ClickHouse® is a high-performance, column-oriented SQL database management system (DBMS) for online analytical processing (OLAP)
关键词: high-performance, column-based, OLAP
Data Replication and Integrity
ClickHouse uses an asynchronous multi-master replication scheme to ensure that data is stored redundantly on multiple nodes. After being written to any available replica, all the remaining replicas retrieve their copy in the background. The system maintains identical data on different replicas. Recovery after most failures is performed automatically, or semi-automatically in complex cases.

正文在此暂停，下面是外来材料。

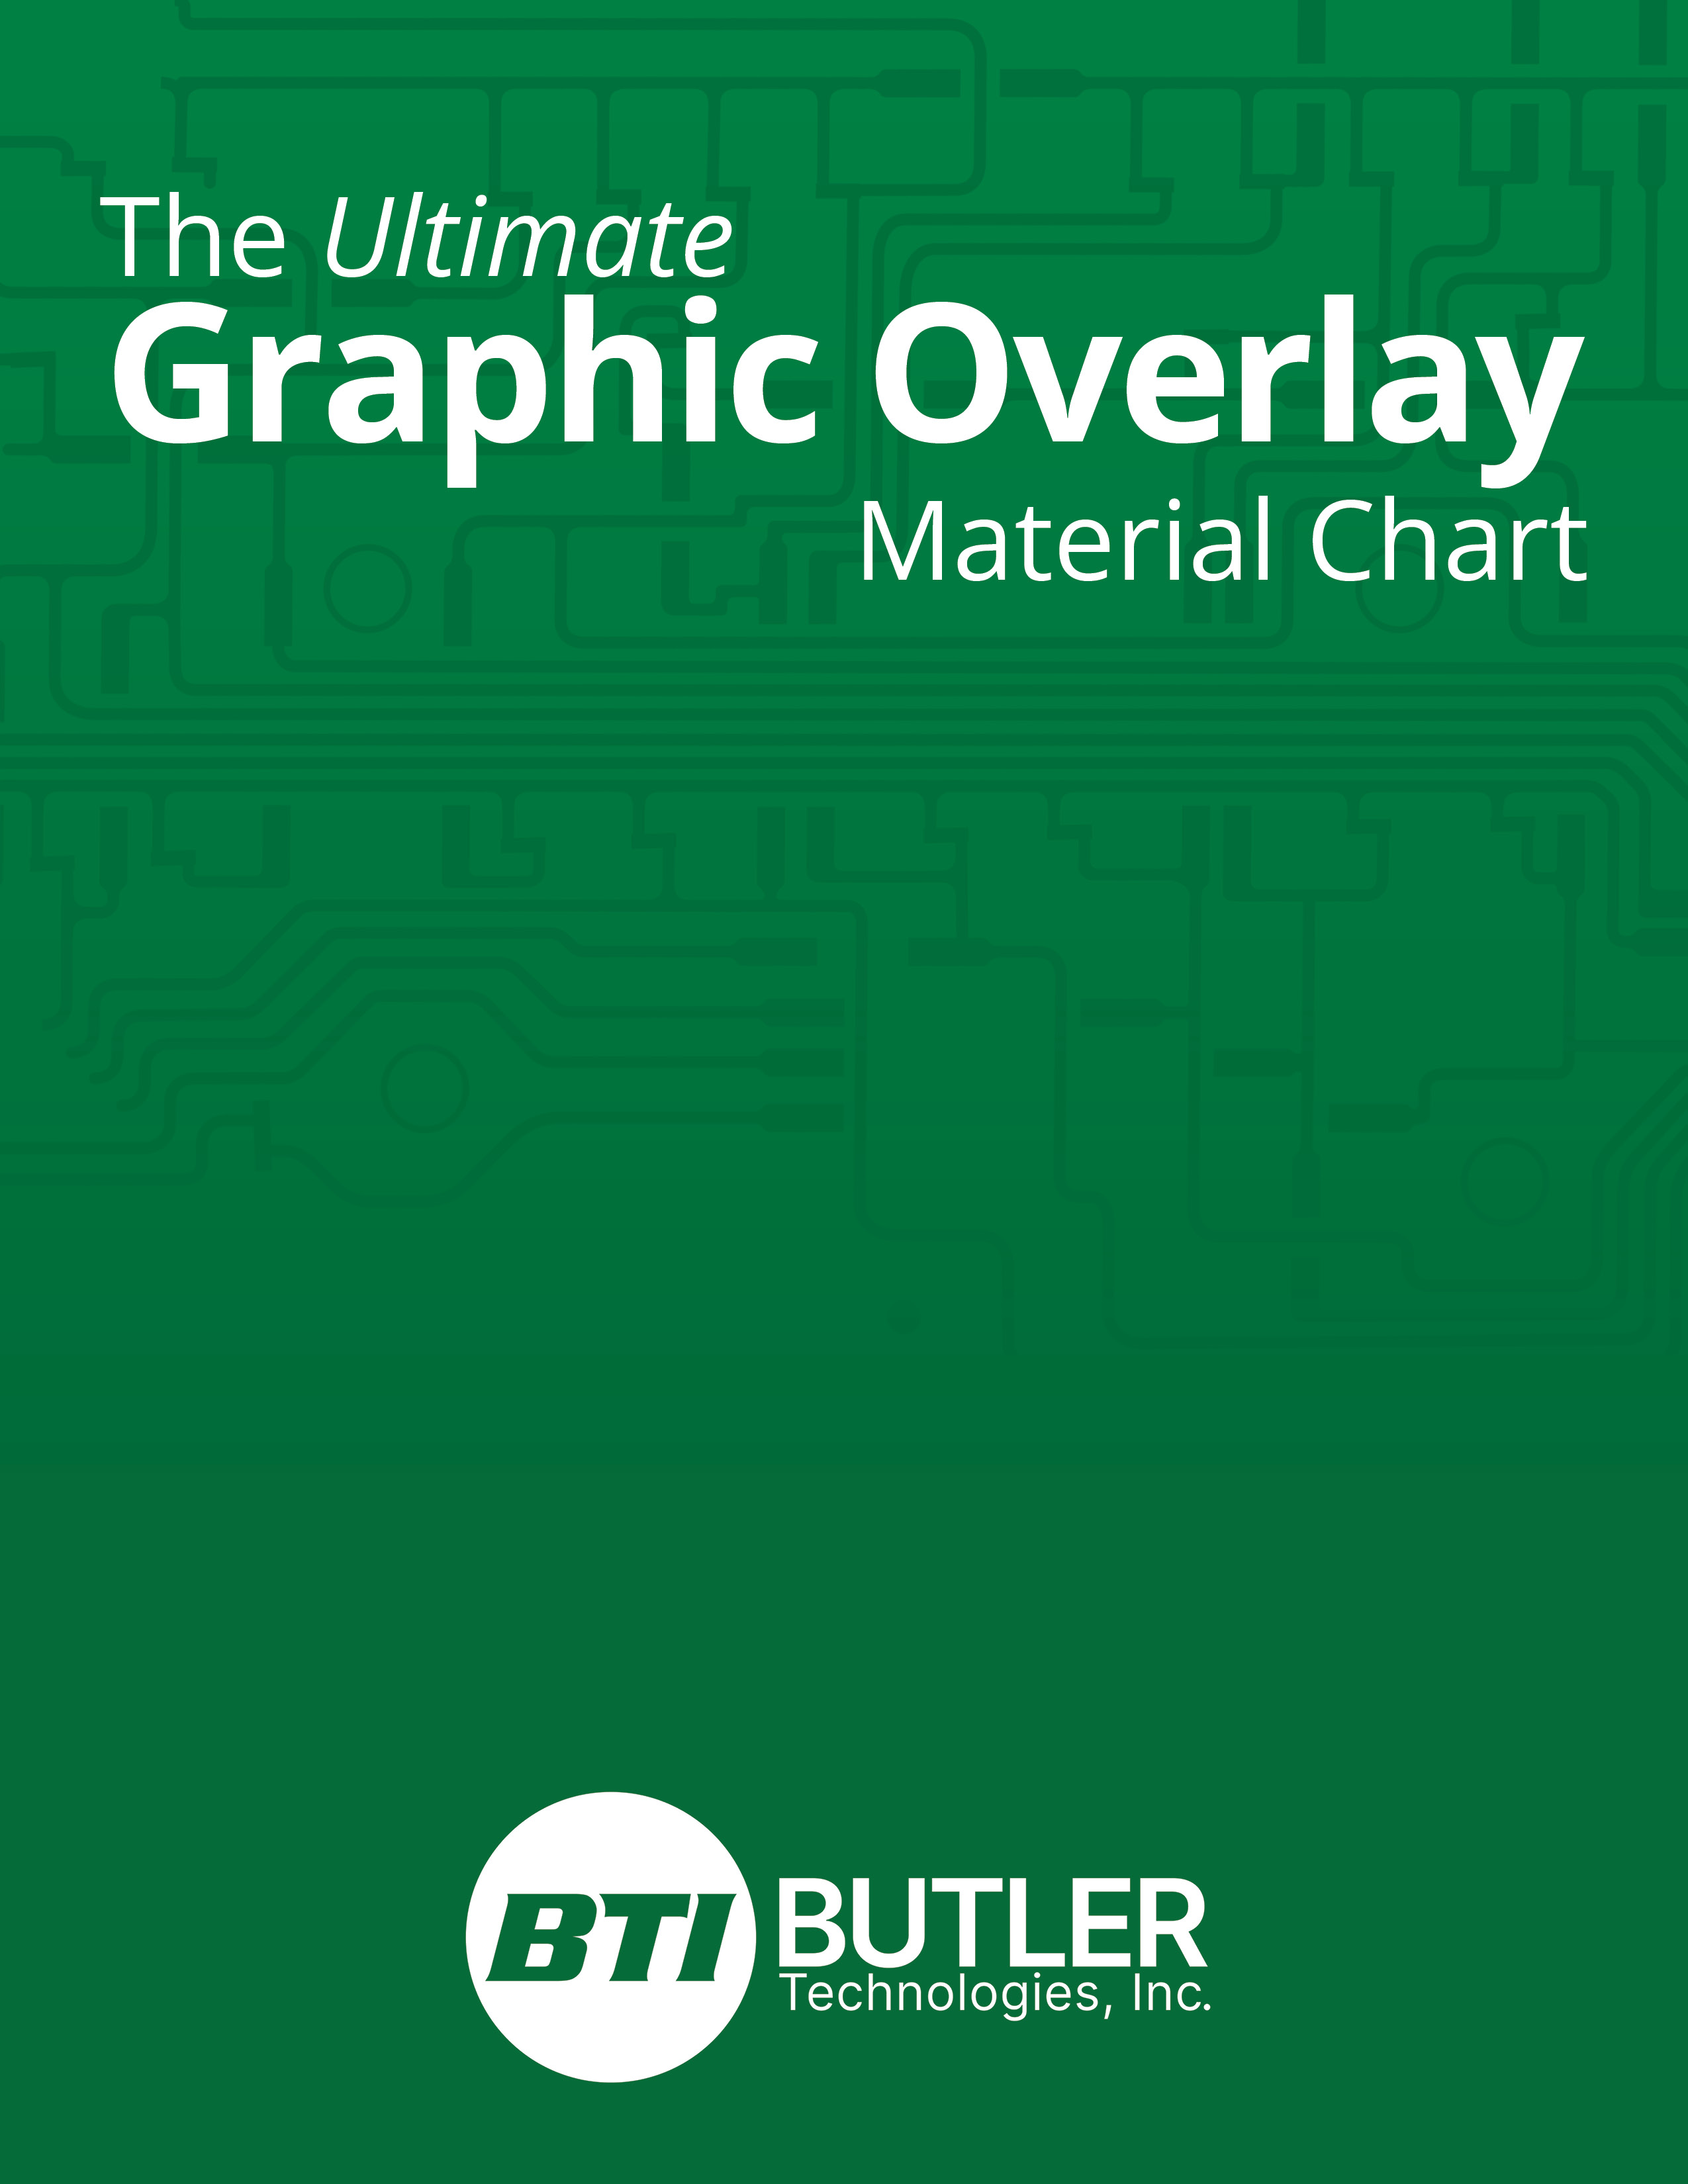 Graphic Overlay Material Selection Chart Image

依然是sharding+replica的思路, 跟绝大多数cluster一样
Approximate calculation
ClickHouse provides ways to trade accuracy for performance. For example, some of its aggregate functions calculate the distinct value count, the median, and quantiles approximately. Also, queries can be run on a sample of the data to compute an approximate result quickly. Finally, aggregations can be run with a limited number of keys instead of for all keys. Depending on how skewed the distribution of the keys is, this can provide a reasonably accurate result that uses far fewer resources than an exact calculation.
近似/采样计算确实是个新鲜玩意
Superior query performance
ClickHouse is well known for having extremely fast query performance. To learn why ClickHouse is so fast, see the Why is ClickHouse fast? guide.
最大的卖点来了, 就是快。
Quick Start
略过
唯一值得注意的可能就是尽量使用呢bulk insert。数据可以先写到本地postgres或者s3然后一次性导入。
Done on 2025-06-22